There is some controversy about which opt-in level is best. Basic opt-in is still widely used, but confirmed opt-in is becoming more prevalent. As email volumes grow and “professional” spammers become more aggressive, ISPs are encouraging or requiring confirmed opt-in.
Confirmed opt-in almost completely eliminates accidental or forged subscriptions because the recipients must indicate twice that they really would like to be on the list. If the confirmation email is not clear, however, some people will not understand that they must reply to the confirmation message. This means many willing subscribers are not added to the list.
No matter what level of opt-in you choose, always include removal instructions in every message. It is favorable to include a line at the beginning explaining when/how the recipient opted in to the list and directions on how to be removed from the list. If you have the technology to do so, it is also a nice touch to tell recipients when and how they agreed to receive email from you (Submit buttons, after all, are not the highlight of one’s day. A lot of people will forget they asked for information.).
It is also critical that your removal system work – preferably automatically. Customers become exponentially frustrated (and sometimes hostile) if their remove requests bounce back to them or end up in an ineffectual black hole. A faulty remove address also makes you a candidate for spam complaints.
With an opt-out email list, recipients must take some action in order to be excluded from the distribution list. A common method of populating opt-out email lists is to include a pre-checked box on a registration or other submission form.
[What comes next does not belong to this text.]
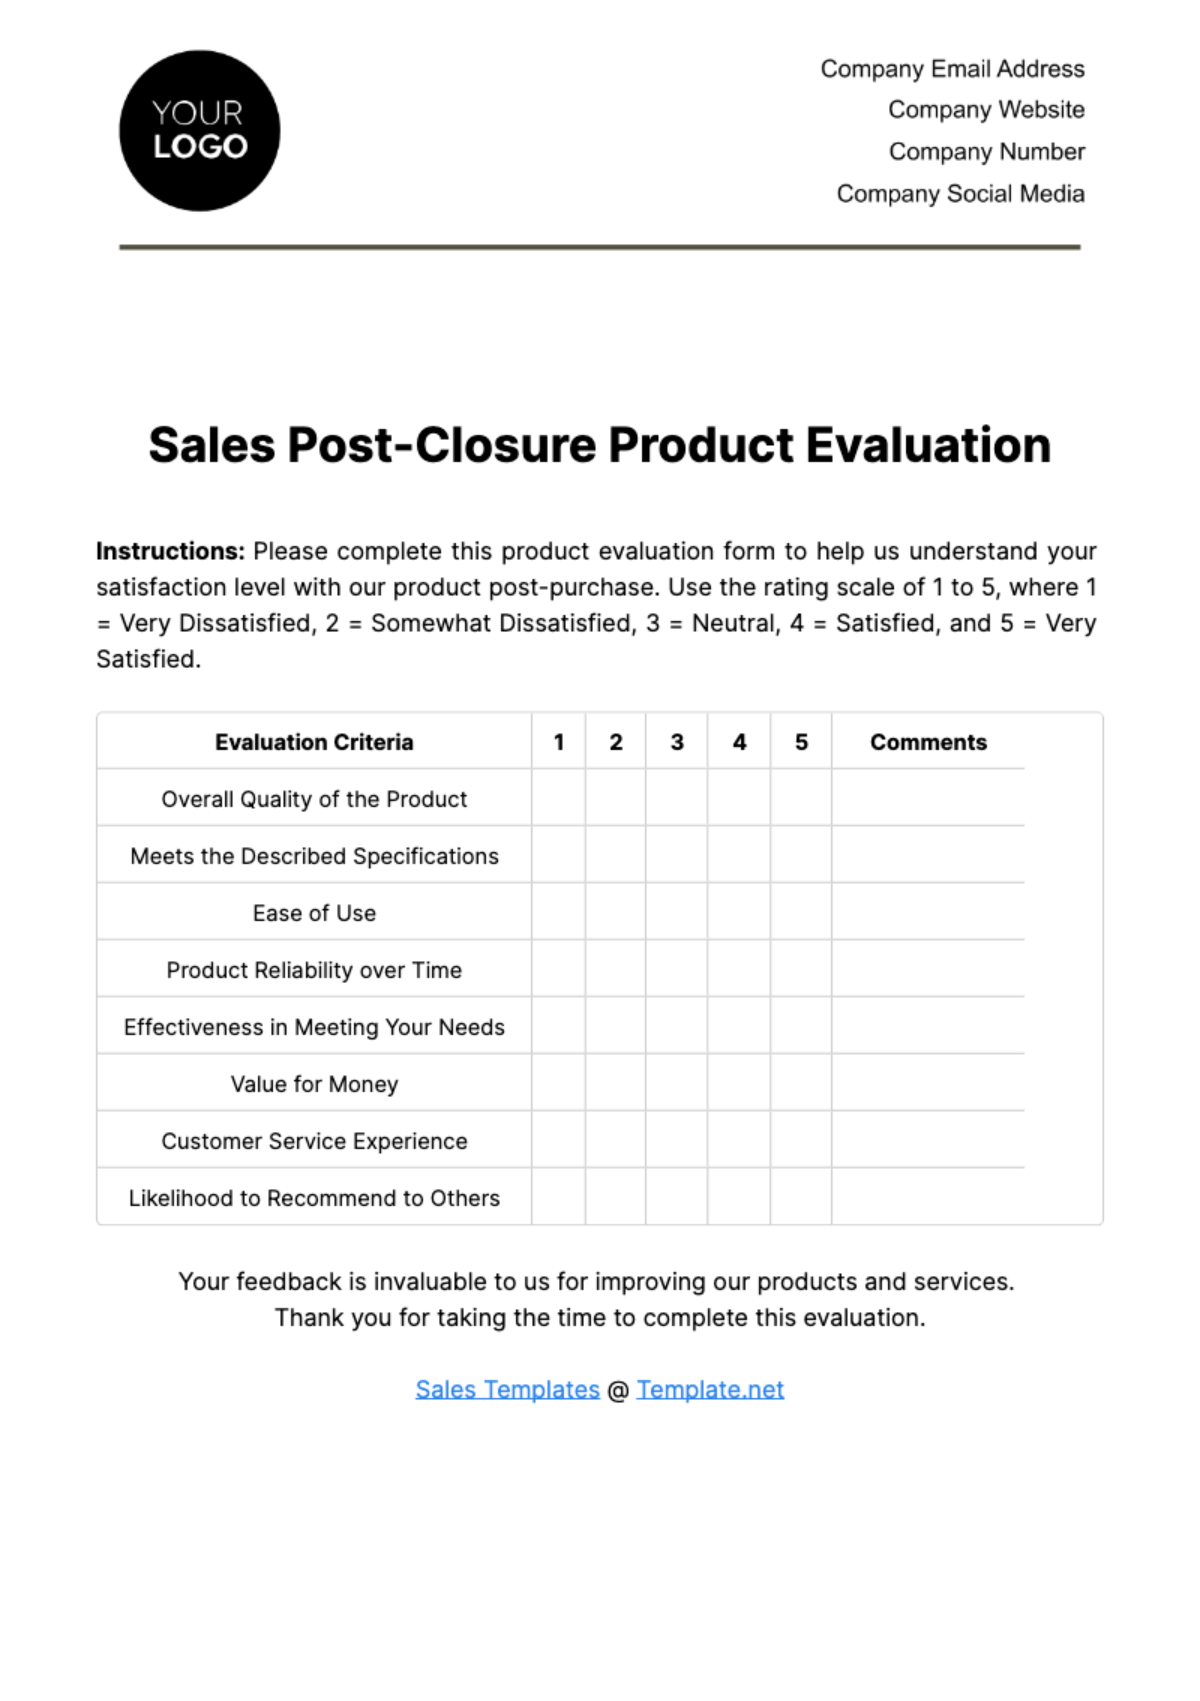 Sales Post-Closure Product Evaluation Template

Unless the submitter notices the checked box and un-checks it, (s)he has given permission to be added to an email list. A few Websites write their Privacy statements in such a way that new customers/subscribers are automatically added to various lists unless they adjust their user profiles or notify the site they wish to be removed from the list.
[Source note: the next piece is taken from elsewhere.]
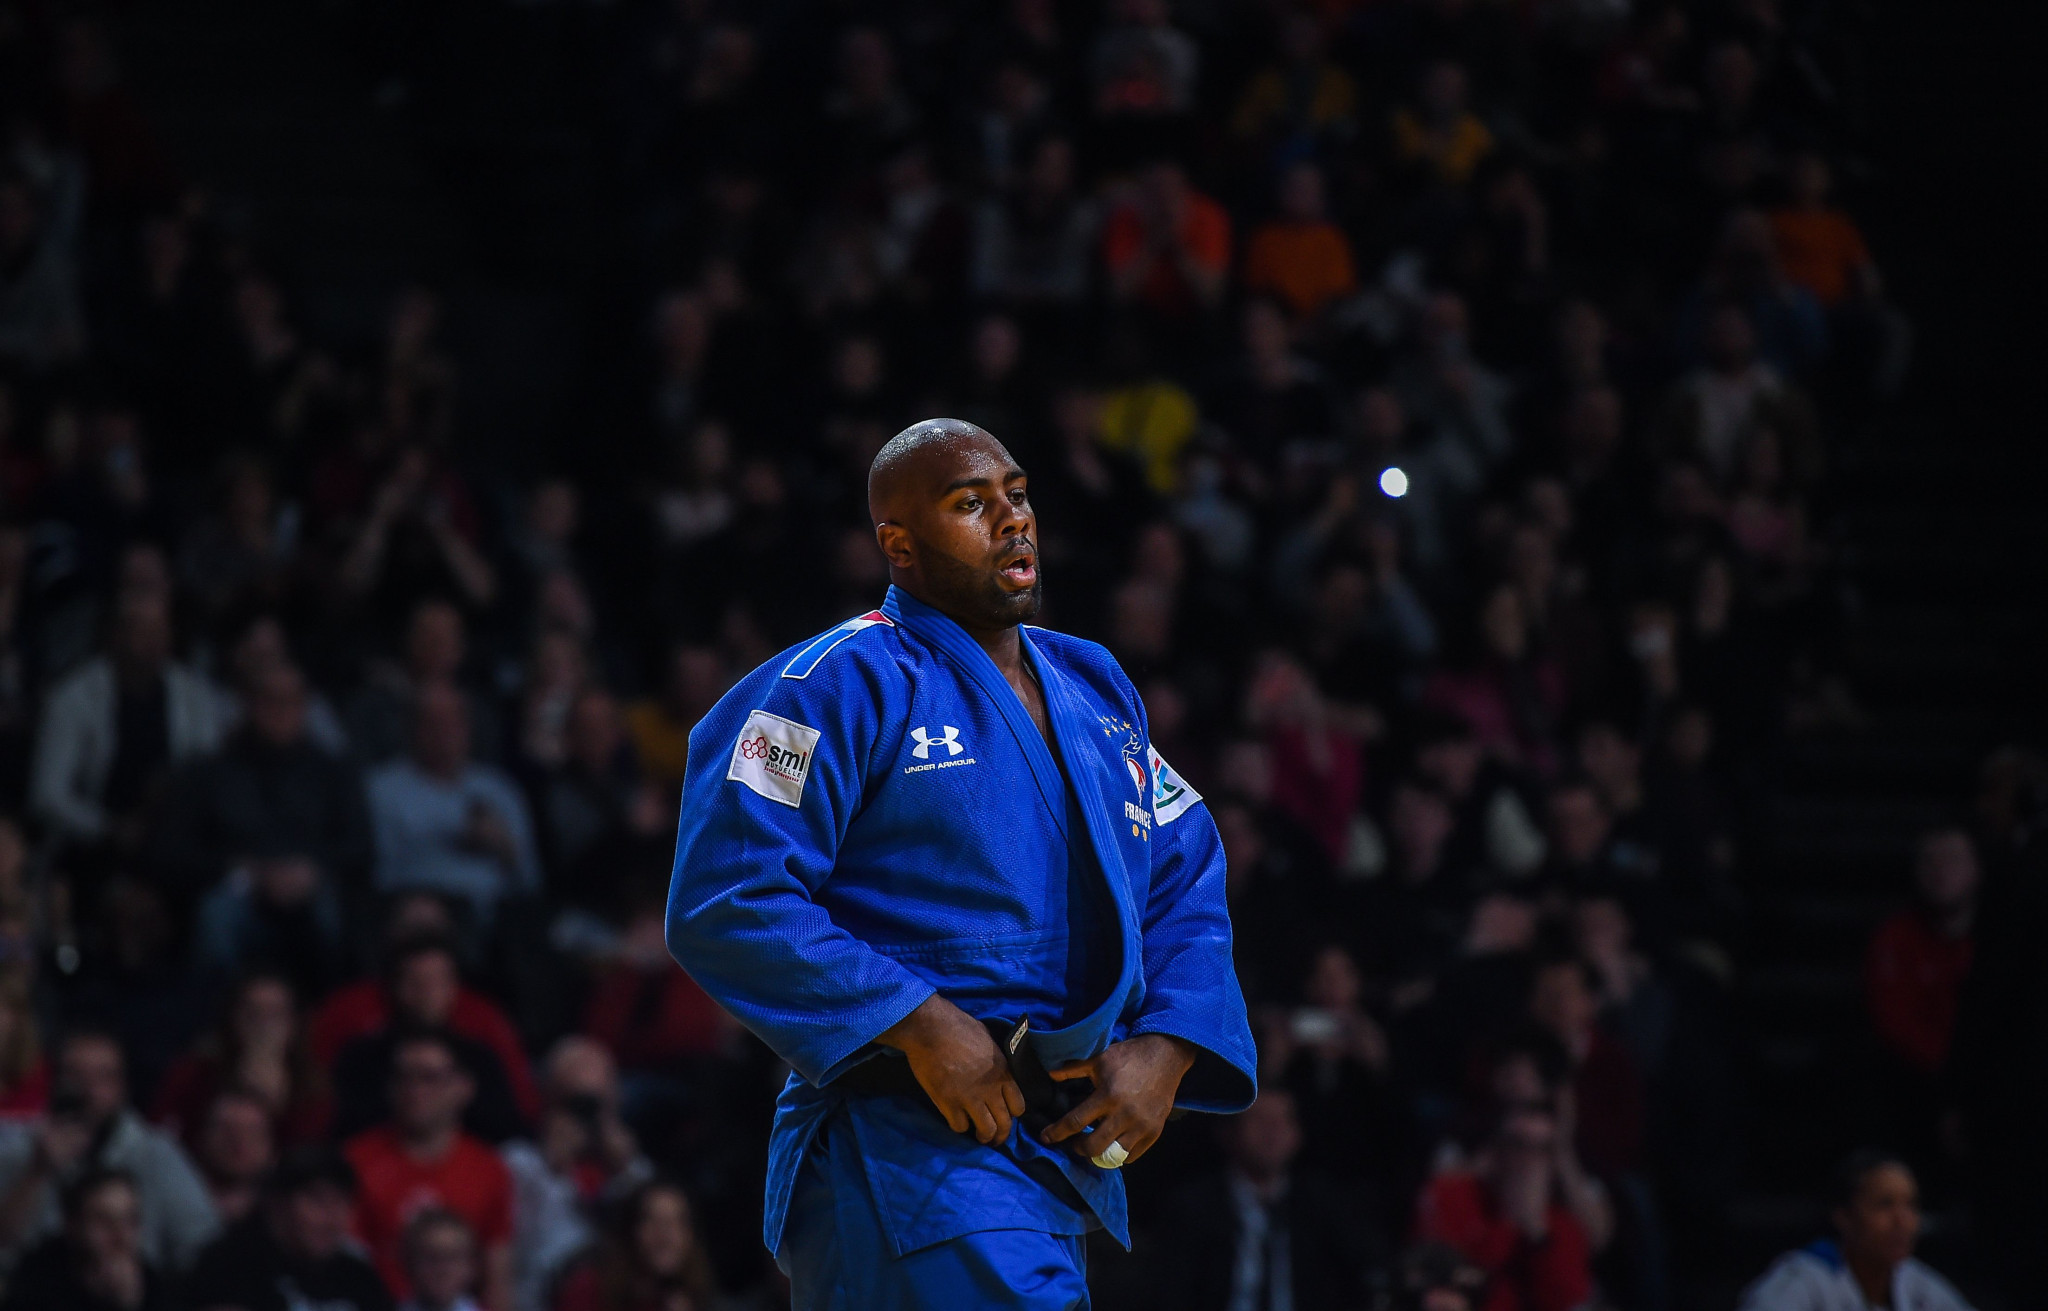 Judoka Teddy Riner was one of the athletes targeted ©Getty Images

While pre-checked boxes and “opt-out” Privacy statements are unpopular, the third method of developing an opt-out email list is opposed most vehemently. Using this method, email addresses are indiscriminately gathered from a variety of sources. Once the list is harvested, commercial messages are sent without the prior permission of the recipients. If a recipient wants to receive no more messages, he/she must take action to have his/her email address removed from the list. Usually, this is done through an “unsubscribe” or “remove” email address found in the text of the mailing. In theory, an unwilling recipient sends a message to the unsubscribe address to be removed from future mailings.
In practice, email appearing to be opt-out is often the work of an intentional spammer. The spammer gives the illusion of opt-out by including an inoperable remove address. Worse yet, some use remove requests as evidence of “live” addresses where more spam can be sent. Because of opt-out’s negative association, legitimate marketers almost universally prefer and use an opt-in method for their direct email campaigns.